The decision to ban Jabhat al-Nusra also comes tellingly less than a week after President Barack Obama announced that aid to Turkey, as well as Jordan, Lebanon and Iraq, would be increased so that they can “confront terrorists working across Syria’s borders.”
During his May 28 speech to graduating West Point cadets, Obama also said he would work with Congress to “ramp up support for those in the Syrian opposition who offer the best alternative to terrorists and brutal dictators.”
Despite denials by the Erdogan government, Ankara has for some time now been suspected by the West, and openly accused by the opposition in Turkey, of supporting Jabhat al-Nusra and other such groups in Syria.
It is no secret among diplomats in Ankara that this group was initially considered by Erdogan and Foreign Minster Ahmet Davutoglu as the most effective force against the Assad regime that they wanted to see toppled.
Ankara was reportedly annoyed when the United States declared the group a terrorist organization in December 2012, arguing that this was a “hasty” decision, given the headway the group was making against the Syrian army.

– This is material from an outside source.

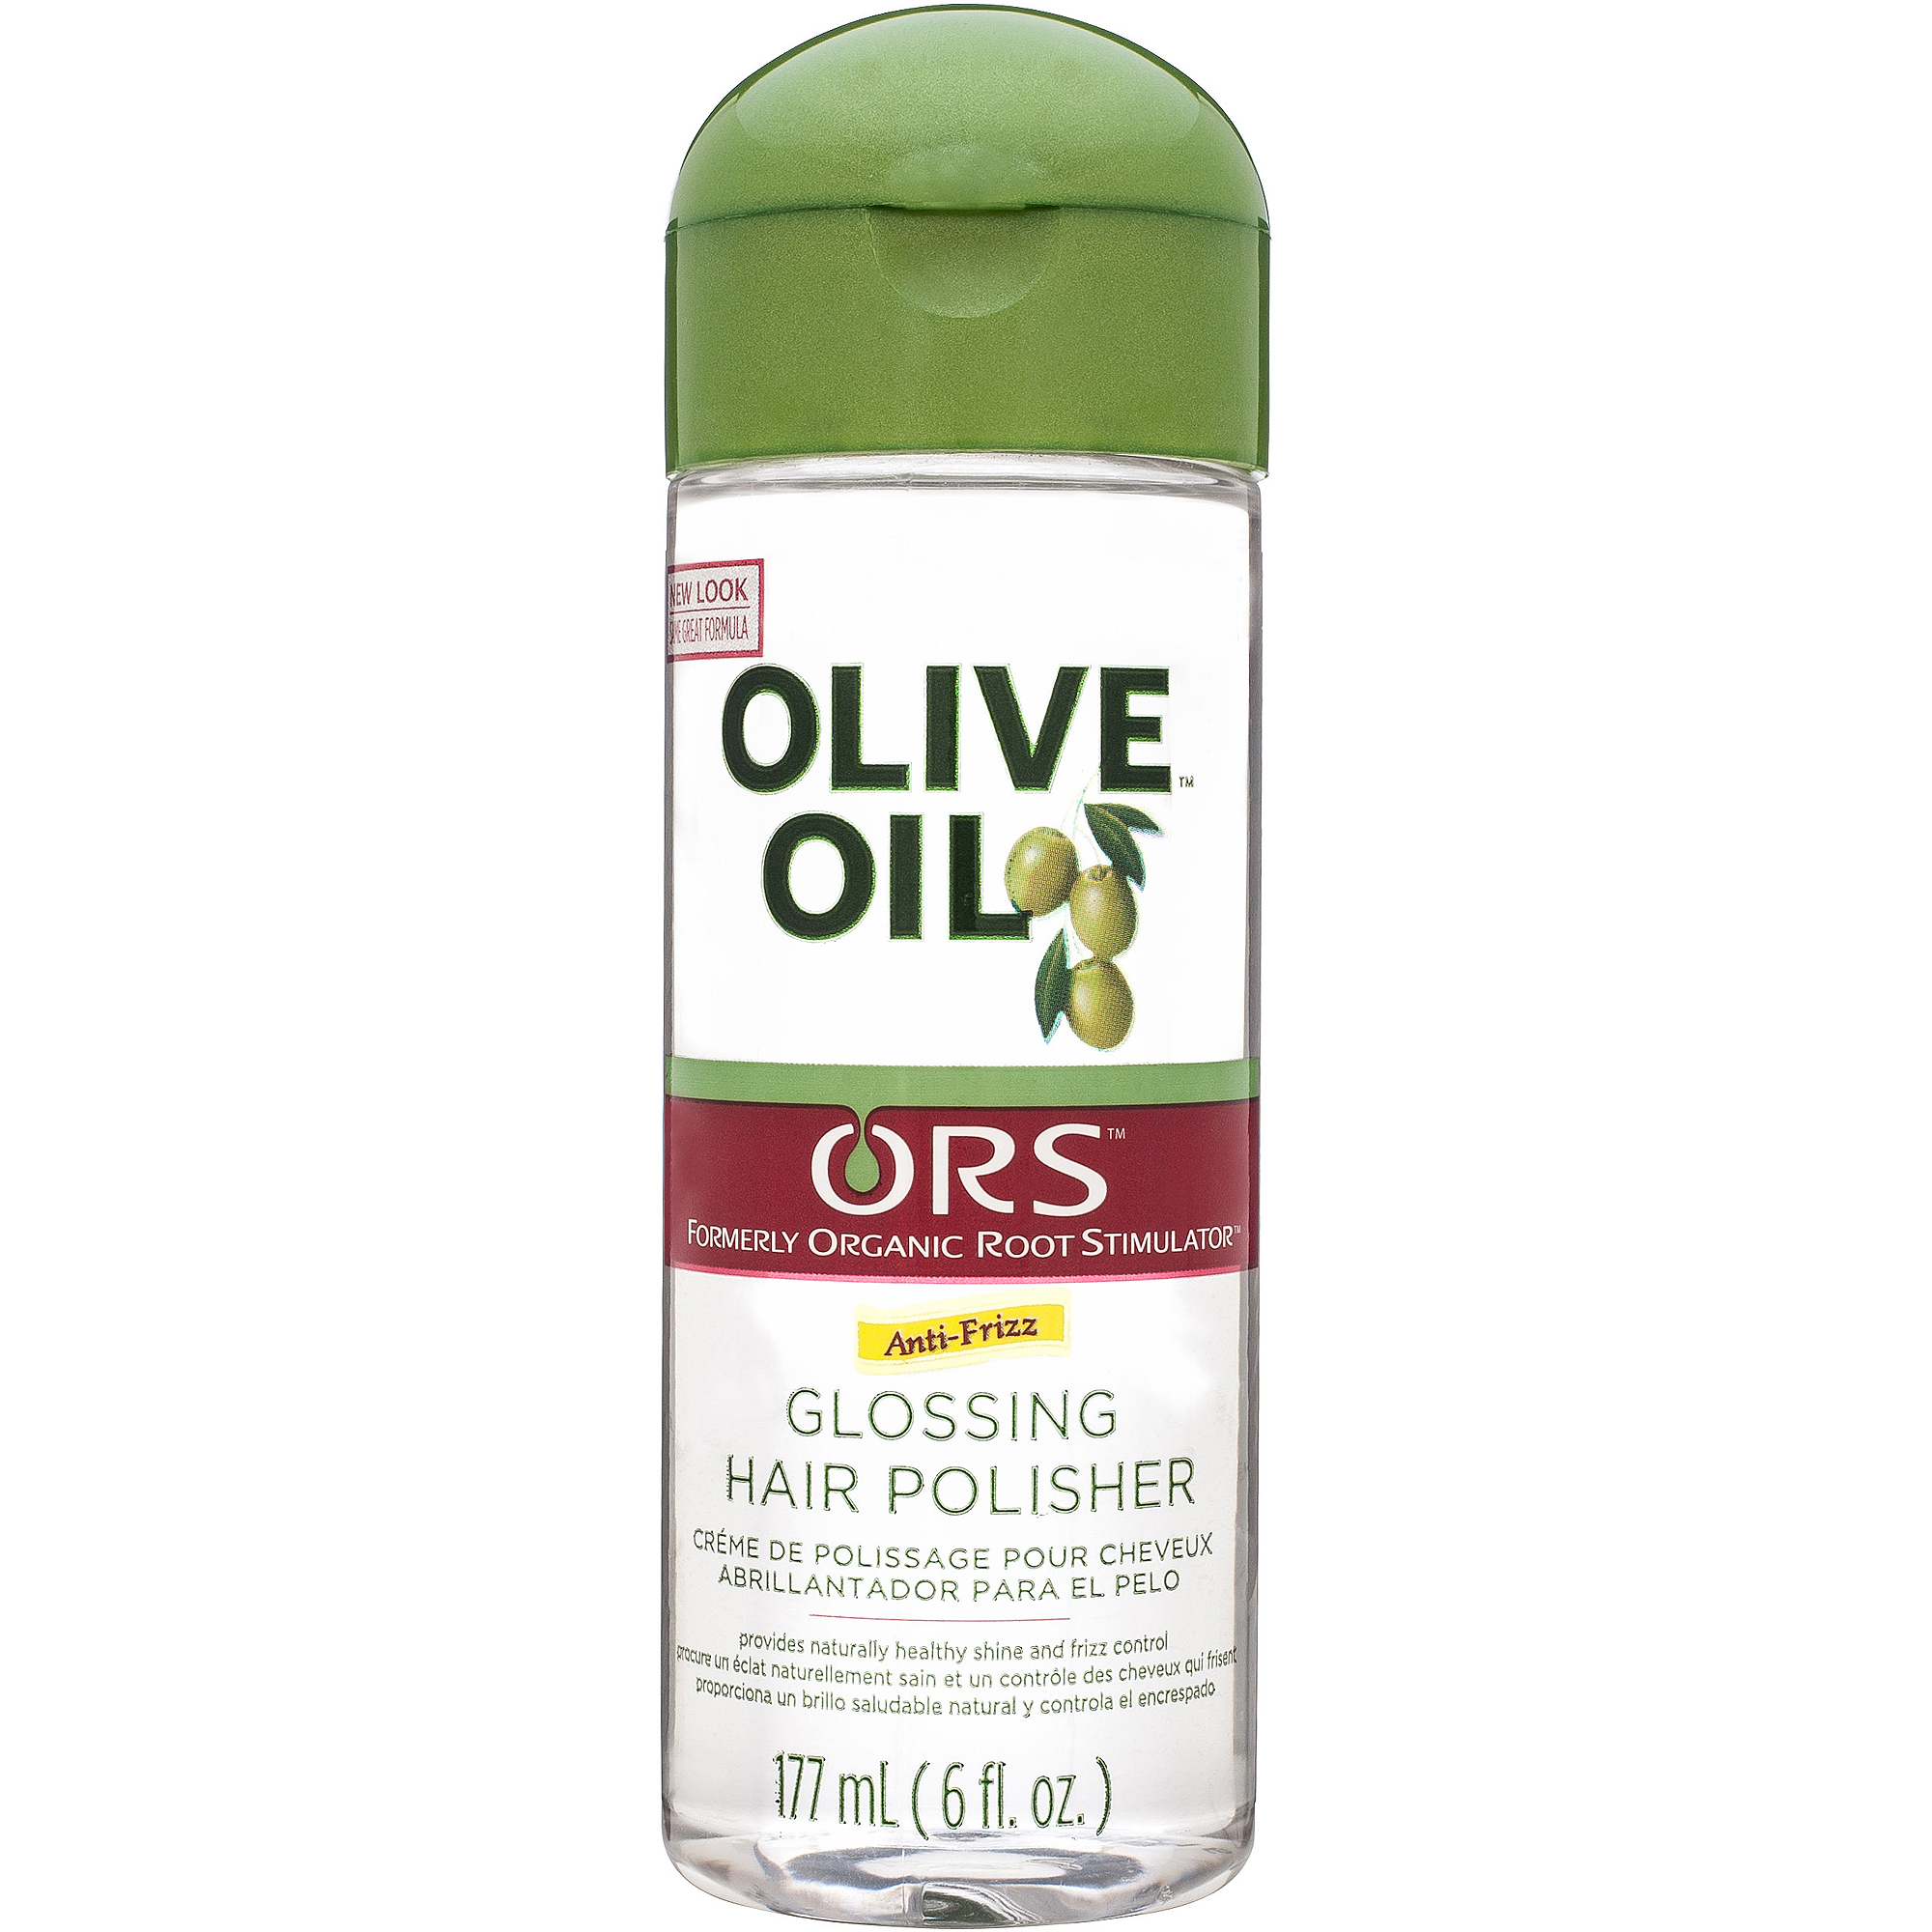 ORS Olive Oil Glossing Hair Polisher Oil with Pequi Oil for Smoothing, Frizz Control & Shine, 6 fl oz - image 1 of 4

There was also speculation that Ankara was using Jabhat al-Nusra against Kurdish groups in Syria aligned with the Kurdistan Workers Party (PKK), to prevent them from controlling regions adjoining the Turkish border abandoned by Assad’s forces.
Jabhat al-Nusra’s self-declared jihadist ambitions and the brutal tactics it employed against its enemies, however, moved the UN to also blacklist it in May 2013, increasing pressure on Ankara to distance itself from the group.
Ankara continued, however, to equivocate on this matter, which was also apparent in remarks made by Davutoglu to a group of journalists in Istanbul, including Al-Monitor’s Amberin Zaman, a few days after the UN ban.
“Jabhat al-Nusra is the result of the quagmire there. Continually referring to it is having the effect of making it loom large. While they were a controllable group comprising 500-600 people initially, today they number 5,000-6,000. In other words, declaring them a terrorist organization has resulted in more harm than good. Otherwise, we see Jabhat al-Nusra the way we see al-Qaeda,” Davutoglu said.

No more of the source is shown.